No 342 Posted by fw, November 18, 2011
In Part 9 of this 11-part series, Ferguson and Chomsky advanced the argument that, in America, “true” democracy poses a threat to the system of domination and control. America could learn something about “true” democracy from Haiti and Bolivia. In this post, Part 10, Ferguson provides examples of the banality of evil as exemplified by U.S. big business in buying elections at home and in making deals with Fascist tyrants abroad, namely Hitler and Franco. Referring to U.S. politics, Ferguson concludes that elections every four years are no substitute for a truly effective democracy.
Continuing with the format for this series, a complete 77-minute video of Shockley’s documentary film is embedded below followed by my time-indexed transcript comprising Part 4, including subheadings, and any external links and text highlighting. The time indexing facilitates switching from the text to its related place in the video. Of course, readers have the option of watching the complete 77-minute video at one sitting.
Golden Rule: The Investment Theory of Politics a documentary film by Jonathan Shockley
1:00:20 <On-screen text> “The impulse of democracy makes government less powerful and more active, to increase its functions and decrease its authority” —Samuel P. Huntington, Trilateral Commission report. [To put it more simply — more democracy means less ability to govern, ergo, what we need is less democracy. See Oligarchy’s attack on Democracy, April 14, 2008].
1:00:34 <On-screen text> A few first world elections: 1992
Tom Ferguson – When I’d walked through, in the case of the Clinton, the essay in 1992, I looked at industry significantly above the mean in support of Clinton — you know, oil and gas, capital intensive exporters, aircraft, computers, investment banking.

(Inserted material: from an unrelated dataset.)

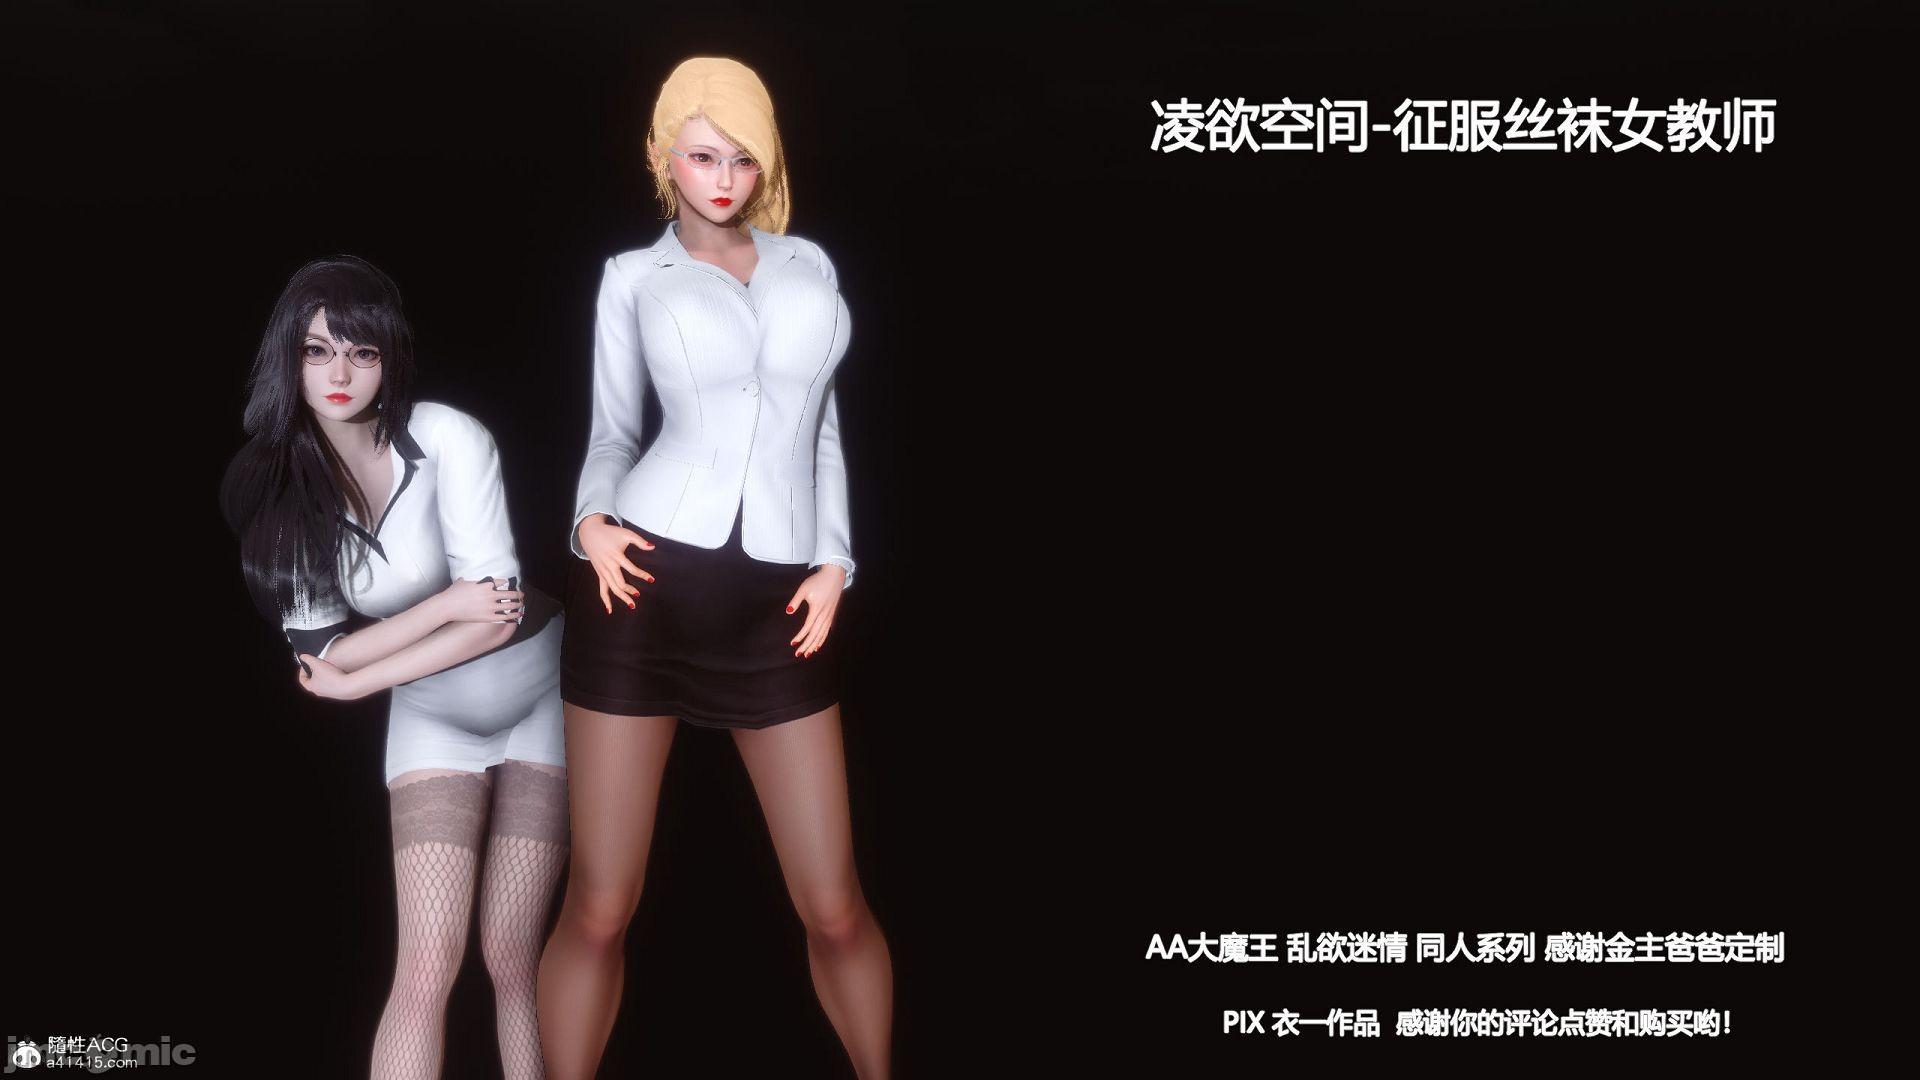 [3D]淩欲空間[完整版] 3(340P) - 情色卡漫 -

The investment bankers keep showing up over and over in the Democratic Party going back to the New Deal.
1:00:58 <On-screen text> — 1996: Clinton losing ‘till the end
Bill Clinton – My fellow Americans after these four good, hard years I still believe in the place called Hope, a place called America.
1:01:17 Noam Chomsky – The 1996 election, Tom Ferguson pointed out that the election was to a large extent bought toward the end by the telecommunications industry, which poured a huge amount of money into it, enough to get Clinton elected, in fact.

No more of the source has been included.